THE HEDGESCHOOLPROJECT

 The Hedgeschoolproject was developed by artist and educator Glenn Loughran, between 2006 - 12. Hedge schools first emerged in Ireland during the Cromwellian regime 1649 to 1653, and then as a response to the Penal Laws from 1723 to 1782 which were laws prohibiting Irish Catholics from taking part in the commercial or intellectual life of their country (McManus, 2004). Often described as people’s schools, Hedge Schools were subversively organized by priests and rural workers in barns and behind hedges throughout Ireland. When we consider the emergence of the hedge school movement we cannot deny the traumatic reality in which it developed, colonial politics made it necessary for such pedagogical movements to sustain cultural and economic survival. The Hedgeschoolproject was not an attempt to anthropologize those traumas, but rather to take from the name what traces of emancipatory affirmation are left open by the movement in its relation to the present. In this sense the Hedgeschoolproject is an attempt to re-signify the idea of the hedge school, as a unique moment of collective education, a name for future thinking rather than an ‘object’ of historiography.

 

Conceived as a series of concept schools, operating across multiple social and geographic contexts, each hedge school was used methodologically to contextualize the guiding principles of the inquiry.
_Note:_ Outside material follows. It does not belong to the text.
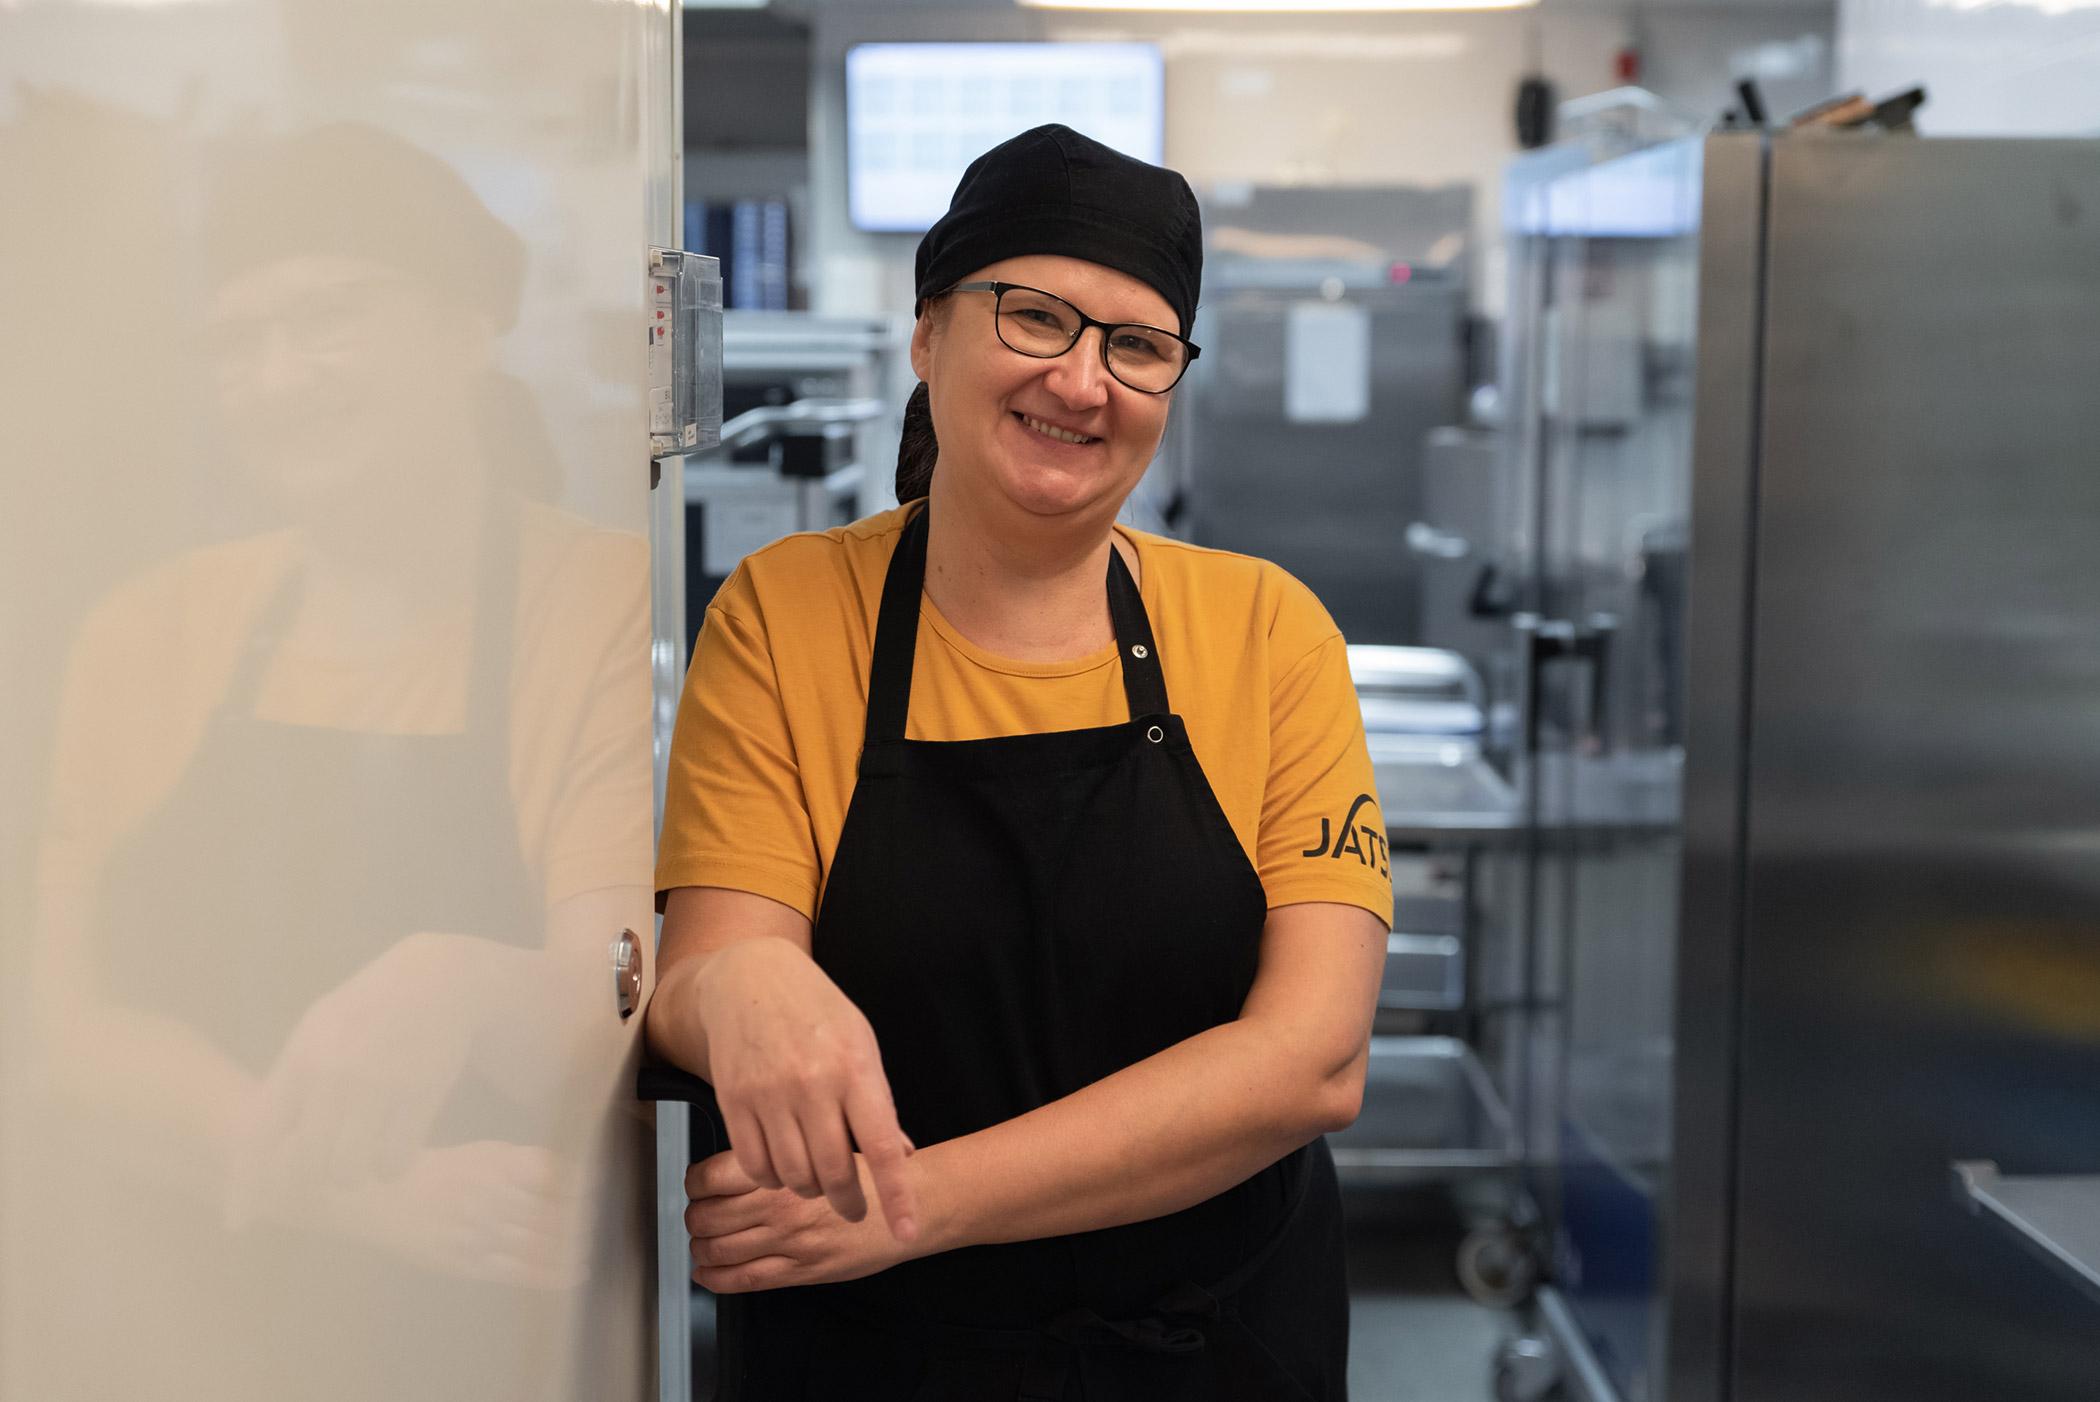 Jatsin ruokapalveluvastaava Virpi Rikberg
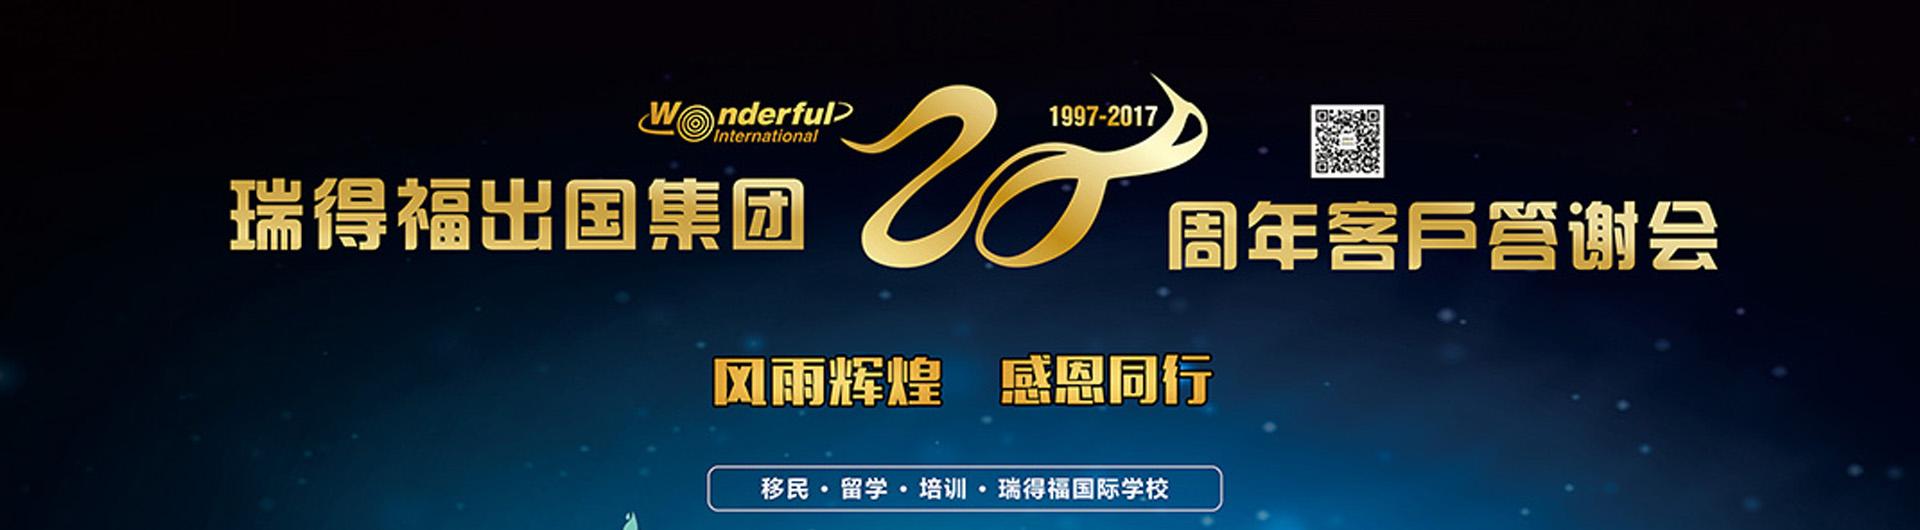 瑞得福出国集团20周年庆_感恩盛会大回馈

Within this context, each school construction was supported by the study of the historical Hedge school movement, its guiding principles (equality, emancipation) and the various ways that these principles could be revitalized in contemporary contexts where they remained immanent. Over a six-year period there were three iterations of the project and each iteration was between 1-2 years, from development to realisation. The first iteration The Eco House (2006)was developed with early school leavers in a rural context, out of straw bales, in a horse field. The second iteration, The Literacy House (2008), engaged with the Traveller community in N. Dublin, and finally in 2012, the third iteration of the project, The Precariat Academy was implemented at the Kaunas Textile Biennale in a freight container, with precarious workers from the surrounding sewing factories. Central to the Hedgeschoolproject was an exploration of education as an evental form, that is, education as a specific type of intervention.